TASK → Count how many lines in the data hold the word "Storage", and give that number alone.
===== DATASET
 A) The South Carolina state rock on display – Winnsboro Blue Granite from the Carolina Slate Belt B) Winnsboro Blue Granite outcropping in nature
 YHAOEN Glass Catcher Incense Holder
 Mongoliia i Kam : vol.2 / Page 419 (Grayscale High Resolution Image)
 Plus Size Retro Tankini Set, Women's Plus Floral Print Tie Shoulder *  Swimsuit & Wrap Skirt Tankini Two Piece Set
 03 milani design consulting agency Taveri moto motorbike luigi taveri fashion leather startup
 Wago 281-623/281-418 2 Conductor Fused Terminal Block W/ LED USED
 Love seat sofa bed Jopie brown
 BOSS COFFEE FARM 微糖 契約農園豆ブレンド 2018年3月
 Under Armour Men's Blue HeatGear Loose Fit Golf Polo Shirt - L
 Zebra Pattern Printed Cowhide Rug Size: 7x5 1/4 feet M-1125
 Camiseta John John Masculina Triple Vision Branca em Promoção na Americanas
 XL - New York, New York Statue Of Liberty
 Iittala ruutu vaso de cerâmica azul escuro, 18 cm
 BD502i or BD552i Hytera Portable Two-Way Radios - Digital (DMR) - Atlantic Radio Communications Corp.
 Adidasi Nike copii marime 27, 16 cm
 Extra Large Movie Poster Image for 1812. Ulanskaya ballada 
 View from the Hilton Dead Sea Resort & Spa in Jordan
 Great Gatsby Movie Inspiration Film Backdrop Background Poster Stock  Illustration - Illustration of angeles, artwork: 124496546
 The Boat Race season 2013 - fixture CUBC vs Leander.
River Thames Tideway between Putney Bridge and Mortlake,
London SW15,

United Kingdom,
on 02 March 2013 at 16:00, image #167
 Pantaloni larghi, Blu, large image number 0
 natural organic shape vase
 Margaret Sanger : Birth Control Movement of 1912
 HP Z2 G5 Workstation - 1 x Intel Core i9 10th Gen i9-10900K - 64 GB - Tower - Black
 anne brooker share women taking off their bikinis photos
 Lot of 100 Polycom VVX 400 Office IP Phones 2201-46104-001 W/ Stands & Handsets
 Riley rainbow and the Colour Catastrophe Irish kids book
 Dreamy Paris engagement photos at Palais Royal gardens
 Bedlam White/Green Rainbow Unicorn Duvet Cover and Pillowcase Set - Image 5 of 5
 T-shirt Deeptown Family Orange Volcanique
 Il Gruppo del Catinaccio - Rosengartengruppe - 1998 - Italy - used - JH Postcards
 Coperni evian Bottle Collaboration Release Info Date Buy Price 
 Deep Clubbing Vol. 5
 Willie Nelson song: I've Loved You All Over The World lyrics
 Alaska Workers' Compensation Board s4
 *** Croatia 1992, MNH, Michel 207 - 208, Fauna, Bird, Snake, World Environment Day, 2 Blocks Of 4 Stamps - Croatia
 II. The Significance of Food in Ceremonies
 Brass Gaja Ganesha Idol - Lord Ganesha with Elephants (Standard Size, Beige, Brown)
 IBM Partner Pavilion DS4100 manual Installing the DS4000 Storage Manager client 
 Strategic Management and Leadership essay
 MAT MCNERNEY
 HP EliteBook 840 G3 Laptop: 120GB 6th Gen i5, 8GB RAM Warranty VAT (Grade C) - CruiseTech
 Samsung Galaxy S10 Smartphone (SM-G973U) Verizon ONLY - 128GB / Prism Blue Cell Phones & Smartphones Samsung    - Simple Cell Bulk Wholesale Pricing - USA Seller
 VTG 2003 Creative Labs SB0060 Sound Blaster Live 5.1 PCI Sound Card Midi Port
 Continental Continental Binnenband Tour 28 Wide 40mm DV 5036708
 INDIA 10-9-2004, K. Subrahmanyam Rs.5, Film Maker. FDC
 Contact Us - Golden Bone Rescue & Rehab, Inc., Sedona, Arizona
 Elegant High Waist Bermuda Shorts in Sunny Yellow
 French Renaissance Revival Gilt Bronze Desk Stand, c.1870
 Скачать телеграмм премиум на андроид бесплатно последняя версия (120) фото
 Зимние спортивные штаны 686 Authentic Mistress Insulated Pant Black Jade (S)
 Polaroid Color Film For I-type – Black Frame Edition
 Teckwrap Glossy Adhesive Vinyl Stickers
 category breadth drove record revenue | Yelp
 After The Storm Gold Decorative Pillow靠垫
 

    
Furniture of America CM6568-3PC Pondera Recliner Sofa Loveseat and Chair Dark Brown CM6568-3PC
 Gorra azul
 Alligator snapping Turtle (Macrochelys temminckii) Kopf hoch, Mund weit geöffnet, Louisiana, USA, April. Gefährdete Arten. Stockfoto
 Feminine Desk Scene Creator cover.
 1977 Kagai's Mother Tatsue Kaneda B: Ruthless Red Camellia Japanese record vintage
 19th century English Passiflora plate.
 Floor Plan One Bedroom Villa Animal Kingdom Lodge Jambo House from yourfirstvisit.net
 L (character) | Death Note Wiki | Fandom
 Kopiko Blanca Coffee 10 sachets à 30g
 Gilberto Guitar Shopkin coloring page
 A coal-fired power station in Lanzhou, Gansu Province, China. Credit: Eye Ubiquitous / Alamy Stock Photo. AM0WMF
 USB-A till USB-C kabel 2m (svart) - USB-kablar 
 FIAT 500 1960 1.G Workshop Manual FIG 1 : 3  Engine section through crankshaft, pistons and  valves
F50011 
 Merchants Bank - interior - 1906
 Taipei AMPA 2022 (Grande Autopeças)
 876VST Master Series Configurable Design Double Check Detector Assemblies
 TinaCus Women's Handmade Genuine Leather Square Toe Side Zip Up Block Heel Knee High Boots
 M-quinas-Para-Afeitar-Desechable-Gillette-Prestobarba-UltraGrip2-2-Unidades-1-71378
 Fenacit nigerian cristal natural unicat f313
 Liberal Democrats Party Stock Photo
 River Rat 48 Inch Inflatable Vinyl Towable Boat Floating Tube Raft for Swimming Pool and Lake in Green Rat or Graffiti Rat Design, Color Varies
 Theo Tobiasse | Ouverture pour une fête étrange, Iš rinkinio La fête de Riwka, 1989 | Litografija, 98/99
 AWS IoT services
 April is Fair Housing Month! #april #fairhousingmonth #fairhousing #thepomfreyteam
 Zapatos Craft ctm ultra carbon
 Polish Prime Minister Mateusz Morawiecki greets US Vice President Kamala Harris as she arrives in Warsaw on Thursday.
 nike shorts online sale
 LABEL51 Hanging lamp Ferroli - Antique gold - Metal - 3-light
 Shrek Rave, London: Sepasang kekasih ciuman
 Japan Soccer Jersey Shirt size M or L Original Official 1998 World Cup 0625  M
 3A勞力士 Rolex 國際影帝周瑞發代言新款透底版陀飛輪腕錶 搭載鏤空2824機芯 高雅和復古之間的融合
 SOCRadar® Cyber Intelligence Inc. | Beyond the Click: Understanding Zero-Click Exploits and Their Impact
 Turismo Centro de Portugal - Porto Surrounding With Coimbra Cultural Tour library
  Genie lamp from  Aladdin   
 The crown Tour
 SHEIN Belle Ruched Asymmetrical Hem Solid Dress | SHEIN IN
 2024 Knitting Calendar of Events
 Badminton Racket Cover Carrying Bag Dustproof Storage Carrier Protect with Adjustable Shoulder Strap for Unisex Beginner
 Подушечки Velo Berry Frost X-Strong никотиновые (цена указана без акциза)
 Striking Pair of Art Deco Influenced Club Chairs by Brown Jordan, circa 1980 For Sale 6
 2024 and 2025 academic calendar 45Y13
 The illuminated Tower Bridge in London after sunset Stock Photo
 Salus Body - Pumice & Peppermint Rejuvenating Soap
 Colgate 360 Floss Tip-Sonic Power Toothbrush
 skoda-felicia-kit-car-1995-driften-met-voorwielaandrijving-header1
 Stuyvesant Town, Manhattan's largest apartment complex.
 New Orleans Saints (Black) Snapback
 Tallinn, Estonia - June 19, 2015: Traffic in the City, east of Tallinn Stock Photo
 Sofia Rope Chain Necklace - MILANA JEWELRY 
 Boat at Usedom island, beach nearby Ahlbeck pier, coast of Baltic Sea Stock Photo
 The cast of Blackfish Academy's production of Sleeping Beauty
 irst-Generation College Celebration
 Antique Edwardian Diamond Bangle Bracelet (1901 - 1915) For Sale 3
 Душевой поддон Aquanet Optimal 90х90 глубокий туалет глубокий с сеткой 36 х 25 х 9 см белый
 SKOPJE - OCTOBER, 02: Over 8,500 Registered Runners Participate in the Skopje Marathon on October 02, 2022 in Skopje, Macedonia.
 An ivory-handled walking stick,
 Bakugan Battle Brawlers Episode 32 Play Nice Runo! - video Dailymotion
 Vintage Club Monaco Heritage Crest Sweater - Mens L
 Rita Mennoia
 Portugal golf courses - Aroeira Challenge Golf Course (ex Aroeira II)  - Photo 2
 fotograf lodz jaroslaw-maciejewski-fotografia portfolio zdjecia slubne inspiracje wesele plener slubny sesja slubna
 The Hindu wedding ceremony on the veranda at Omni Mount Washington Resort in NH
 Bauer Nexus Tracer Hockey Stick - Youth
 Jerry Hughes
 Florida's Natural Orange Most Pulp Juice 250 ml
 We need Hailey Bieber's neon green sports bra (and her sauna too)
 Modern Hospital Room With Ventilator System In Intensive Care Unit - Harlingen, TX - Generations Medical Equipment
==========
WORKED SOLUTION → 2